In the following year (1638), he was promoted to the chancellorship of the church of Sarum, with the prebend of Brixworth annexed to it. In the English Civil War, he wrote a criticism of the Scots, and was in the king's army at the siege of Gloucester, inventing certain engines for assaulting the town. Shortly afterwards he accompanied Ralph Hopton, general of the king's troops in the west, in his march; and, being taken ill at Arundel Castle, he was captured by the parliamentary forces under Sir William Waller. As he was unable to go to London with the garrison, he was conveyed to Chichester, where he died. His last days were harassed by the diatribes of the Puritan preacher, Francis Cheynell.

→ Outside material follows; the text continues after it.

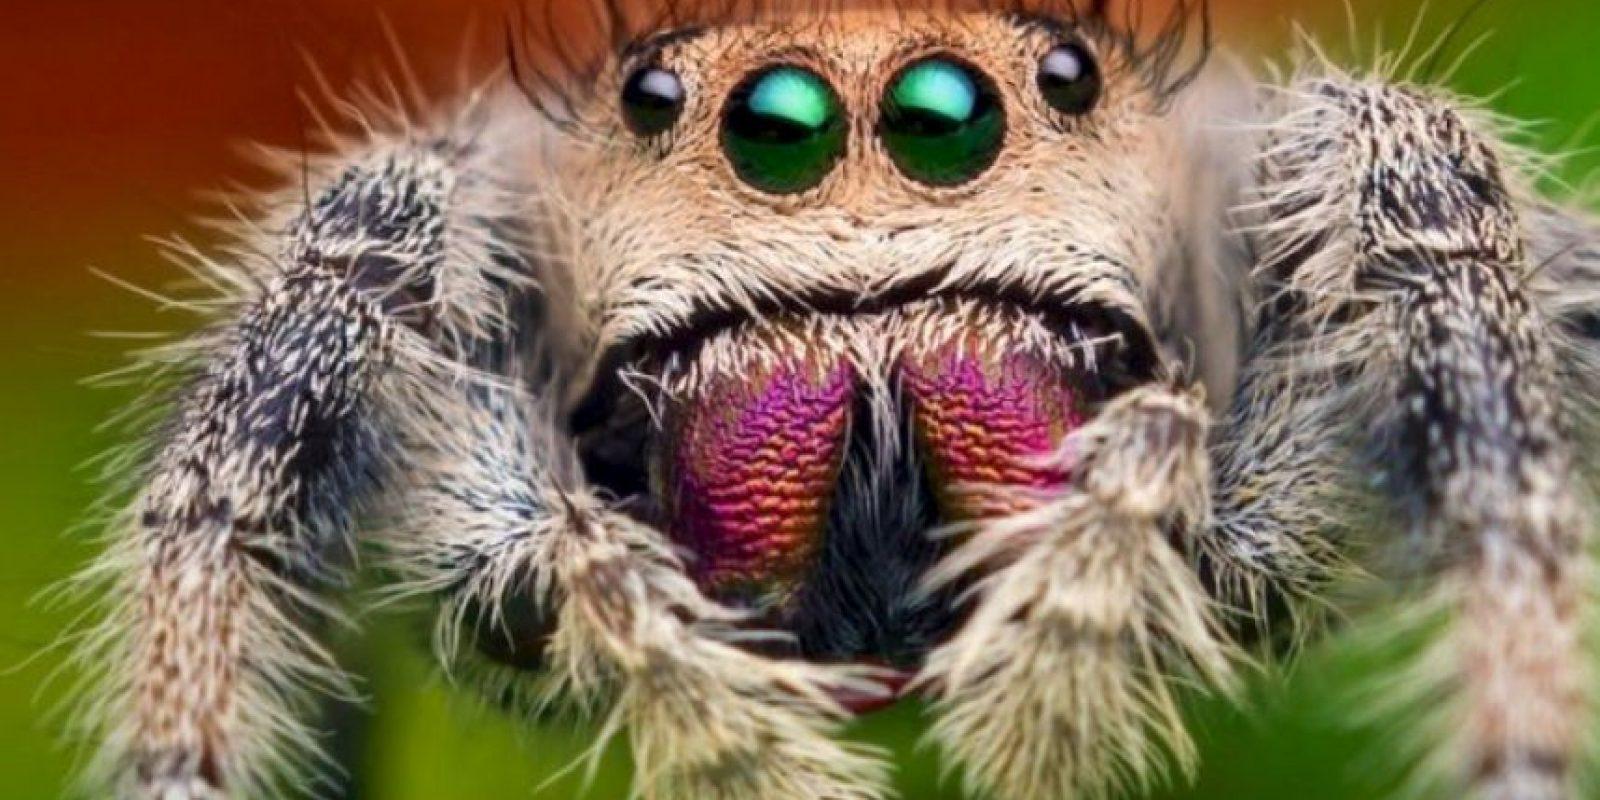 Se adapta el animal, no agresivo, ante la persona. Foto:vía Getty Images
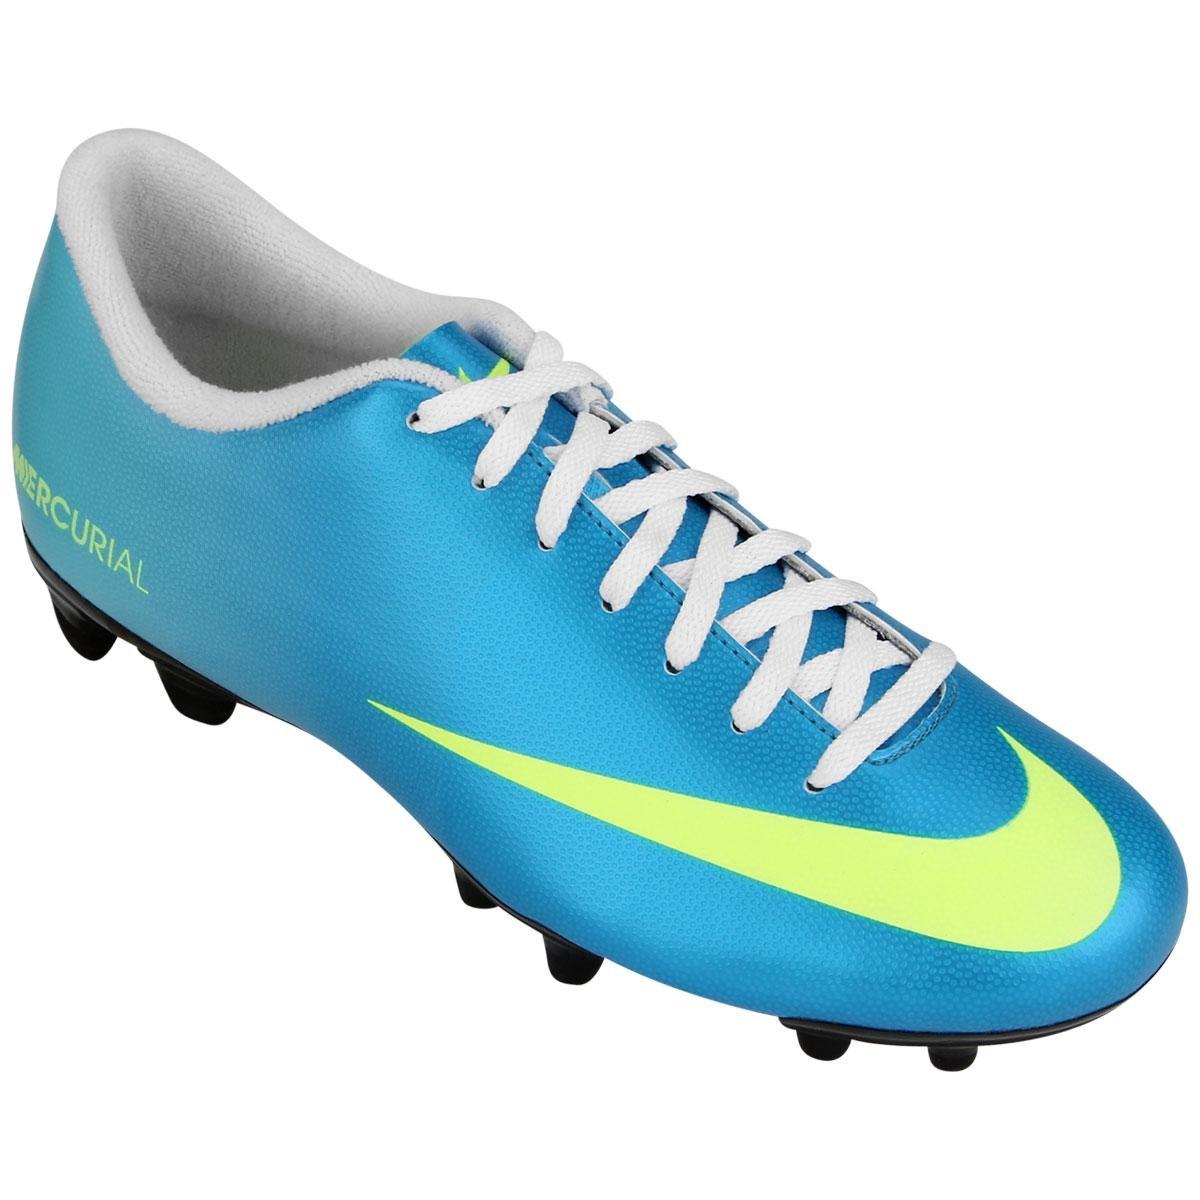 f4e272ea08 Chuteira Nike Mercurial Vortex FG - Compre Agora

Besides his principal work, Chillingworth wrote a number of smaller anti-Jesuit papers published in the posthumous Additional Discourses (1687), and nine of his sermons have been preserved. He was a zealous Royalist, asserting that even the unjust and tyrannous violence of princes may not be resisted, although it might be avoided in terms of the instruction, "when they persecute you in one city, flee into another." His writings long enjoyed a high popularity. The Religion of Protestants is characterized by much fairness and acuteness of argument, and was commended by John Locke as a discipline of "perspicuity and the way of right reasoning." The charge of Socinianism was frequently brought against him, but, as John Tillotson thought, "for no other cause hut his worthy and successful attempts to make the Christian religion reasonable." His creed, and the whole gist of his argument, is expressed in a single sentence, "I am fully assured that God does not, and therefore that men ought not to, require any more of any man than this, to believe the Scripture to be God's word, and to endeavour to find the true sense of it, and to live according to it."
A Life by Rev. T Birch was prefixed to the 1742 edition of Chillingworth's Works.